18:09 GMT, Tuesday, 8th September 2009, by Agrimoney.com
Evening markets: gold helps crops recover lustre

A slide in the dollar to its lowest for nearly a year, amid inflation fears stoked by rising gold, helped Chicago corn and soybeans out of week-long slides, but failed to stop wheat slipping to fresh lows.

Gold's rise above $1,000 an ounce revived concerns of rising inflation sending investors rushing for assets rather than the dollar. Oil soared 5%. Gold is often viewed as a key indicator of investor sentiment on price rises. 
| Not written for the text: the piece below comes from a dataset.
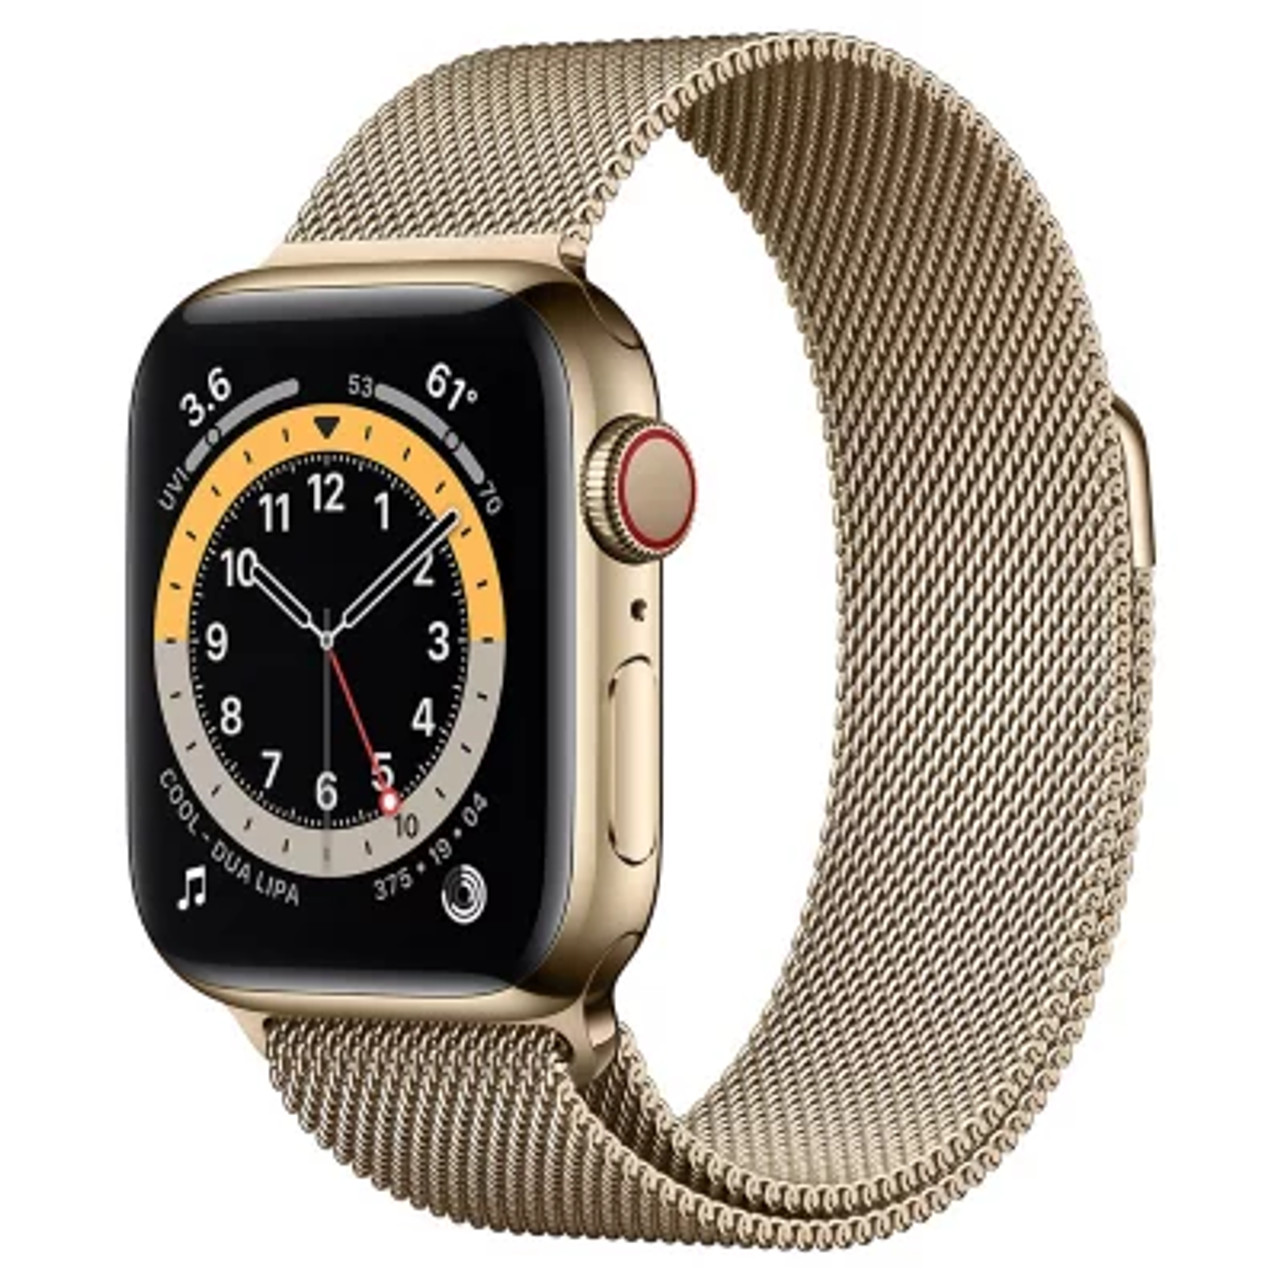 Apple Watch Series 6 (40 mm GPS + Cellular) Gold SS Body Gold Milanese Loop  New

Soybeans reacted best to falls in the greenback of more than 1% against both the euro and a basket of major currencies.

As well US beans might, given their reliance on foreign buyers for demand. The weaker dollar will make them more competitive to foreign buyers.

Palm aid 

Indeed, there were rumours that China was back in the market for US beans, after a quieter spell last week. Many investors had hoped that lower prices would lure the world's biggest soybean buyer back.

Soybean sentiment was also helped by a strong close for Kuala Lumpur palm oil with, again, firm Chinese demand implicated.

The old crop September contract, now in its last week of trading, added 3.5 cents to $9.64 ½ a bushel at 16: 30 GMT.

Better-traded November beans added 11 cents to $9.33 a bushel.

Corn rebounds 

Corn, too, recovered, but not before revisiting prices not seen for nearly three years.

The best-traded December contract slid to $3.02 a bushel, the lowest for a nearest-but-one contract since October 2006, before recovering to stand up 3.25 cents at $3.09 ½ a bushel.

September corn slid to a 2009 low of $2.96 ¾ a bushel before recovering to $3.04 ¾ a bushel, up 3.75 cents.

With corn a major feedstock for bioethanol, the rebound was helped by a 5.0% jump to $71.40 a barrel in the price of New York light crude for October.

Odd crop out 

Wheat was the odd crop out. The September contract shed 1.4% to $4.37 ¾ a bushel, a fresh lowest-since-April-2007, and stayed there or thereabouts.

The better-traded December contract set a similar low by dropping to $4.61 ½ a bushel before reviving somewhat to $4.65 a bushel, down 1.4% on the day.

The round of upward crop revisions continued on Tuesday with France adding 1.22m tonnes to its forecast for this year's harvest.

Sugar squeeze 

Among soft commodities, sugar staged a far convincing recovery, helped by comments from Czarnikow, the sugar merchant, that the market had "more work to do" in rationing sugar demand.

Stocks had fallen to "unsustainably low levels", Czarnikow said, pegging the 2009-10 sugar deficit at 9m tonnes.

London white sugar for October closed down $0.60 a tonne at $520.00 a tonne, having touched $507.30 earlier.

New York sugar recovered from a low of 20.57 cents a pound to 21.23 cents a pound, down 0.37 cents on the day.

Cocoa did better, ending up 1.5% at £1,858 a tonne in London and by the same margin at $2,961 in New York.